That's why The Story of the Lost Child reads like a pot-boiler. It is one. Even while it's not.

The novel tells the story of a life-long relationship between two women, Elena, the narrator, and Lila, friends since they began attending the same Naples school when they were six. Each is vitally important to the other, even when they aren't speaking, which is often. Elena as narrator spends the four novels and 50+ years probing the relationship, always striving to find a more complete picture of Lila, to understand her mystery. Every twenty pages of so, Elena makes a new summary of who Lila is (that figure is a complete guess, but it's often).

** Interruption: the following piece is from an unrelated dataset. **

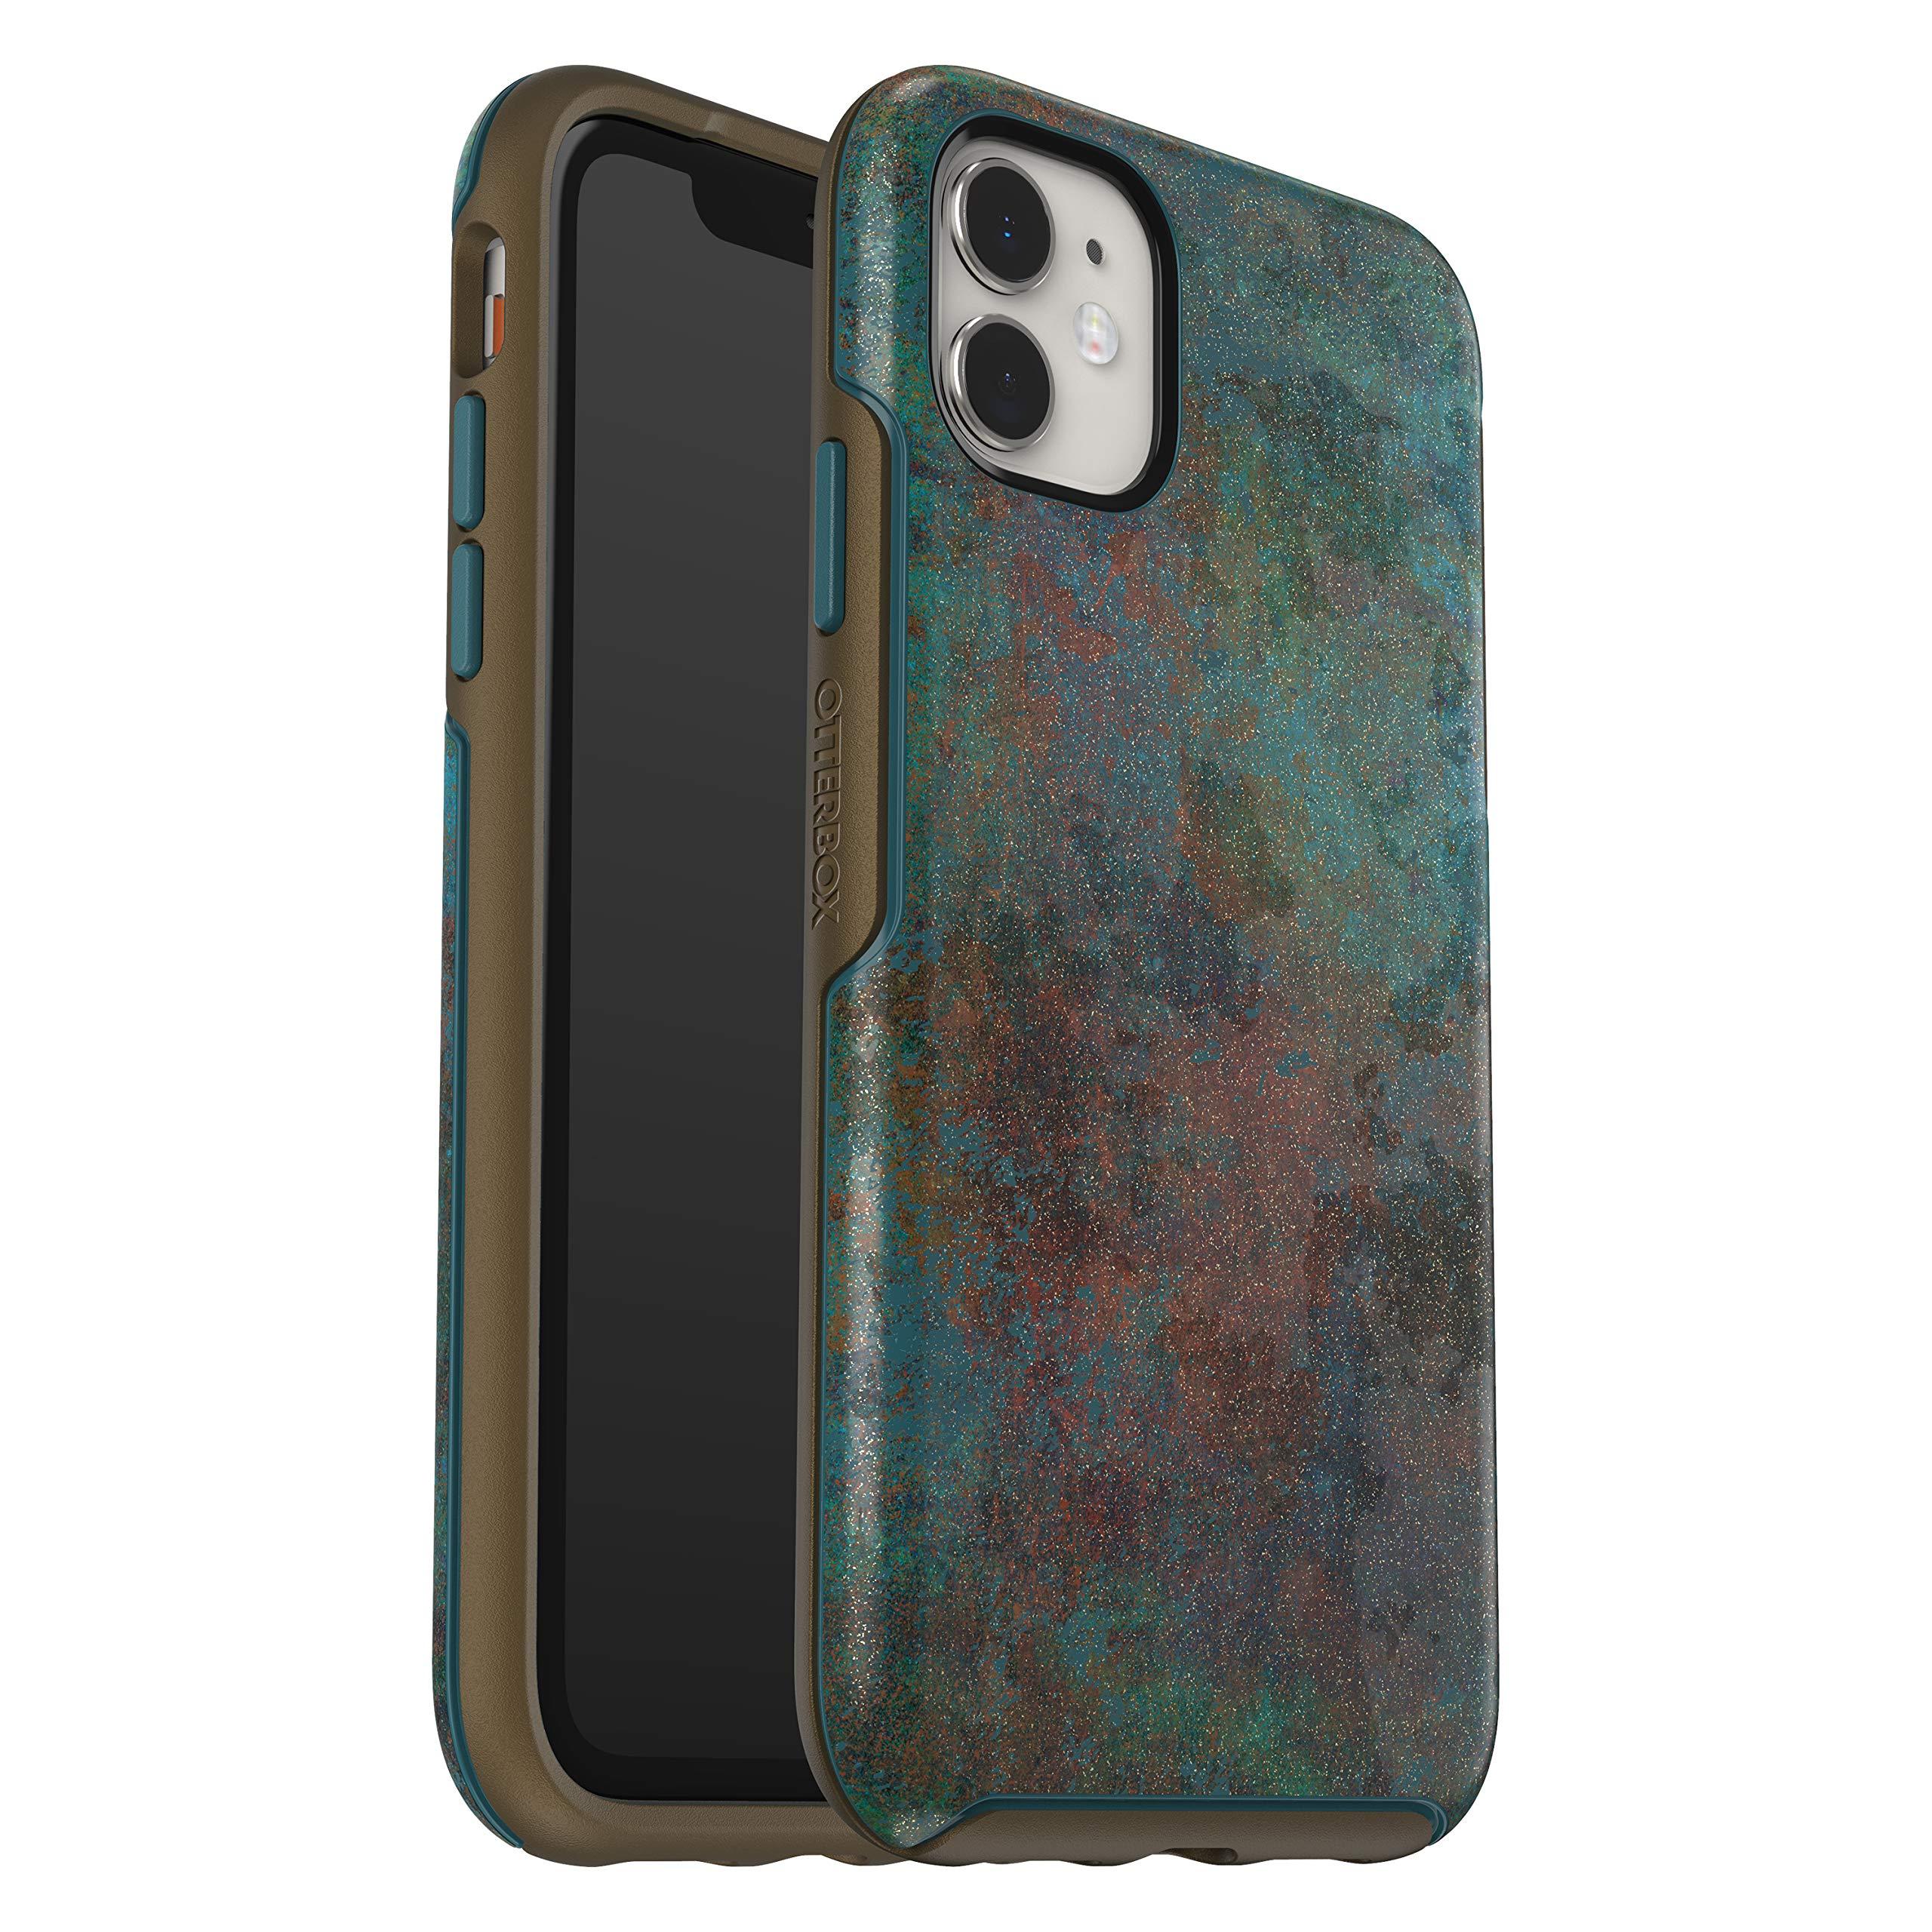 OtterBox SYMMETRY SERIES Case for iPhone 11 - FEELING RUSTY (COLONIAL BLUE/BRONZE/FEELING RUSTY IML)

The goal of the novel, in other words, is to understand another person. But each pronouncement is superseded by the next. Is there progress toward the definitive encapsulation? Do we seem to be getting closer to the truth? Maybe. I'm not sure I can tell.

That means the novel is about the mystery of other people. Here are two people, as close as they can be, wrapped in an intimate familiarity, but still ultimately unknown to each other. As hard as Elena tries, she can't reduce Lila to a simple statement.

Which doesn't mean she doesn't try. It's the striving that is important, the desire to solve the mystery. That's what occupies Elena. She is on the self-actualization path: to get out of Naples, to establish herself as a writer, to find a relationship, to make herself equal to or better than Lila. That's the deal: the relationship is deeply competitive, an urge that exists alongside love and friendship. Does the competition sometimes get in the way of the loftier urges? Absolutely. Does it destroy them? Not entirely.

In The Story of the Lost Child the attraction is the immediacy of the experience. It's like, say its women readers, having your best girl friend tell you a story. The prose is clear, resolutely unfancy (you can probably find a descriptive paragraph if you try; I don't remember one), with an undercurrent of malice, of violence.

It is a story of Elena's mind in conversation with itself, the constantly running inner voice. She is adding up her wins, acknowledging losses and always self-justifying. To my mind, it sounds very familiar:

    Yet something wasn't right. It was a sensation of indeterminacy, which I felt even when everything appeared explicit and it seemed only one of Lila's old childish diversions: to orchestrate situations in which she let you perceive that under the facts there was something else.

Compare that to the tone, written about 90 years ago, revolutionary at the time, but maybe not so much now, of Mrs. Ramsay in To the Lighthouse:

    There might be some simpler way, some less laborious way, she sighed. When she looked in the glass and saw her hair grey, her cheek sunk, at fifty, she thought, possibly she might have managed things better --- her husband; money; his books. But for her own part she would never for a single second regret her decision, evade difficulties, or slur over duties. She was now formidable to behold ....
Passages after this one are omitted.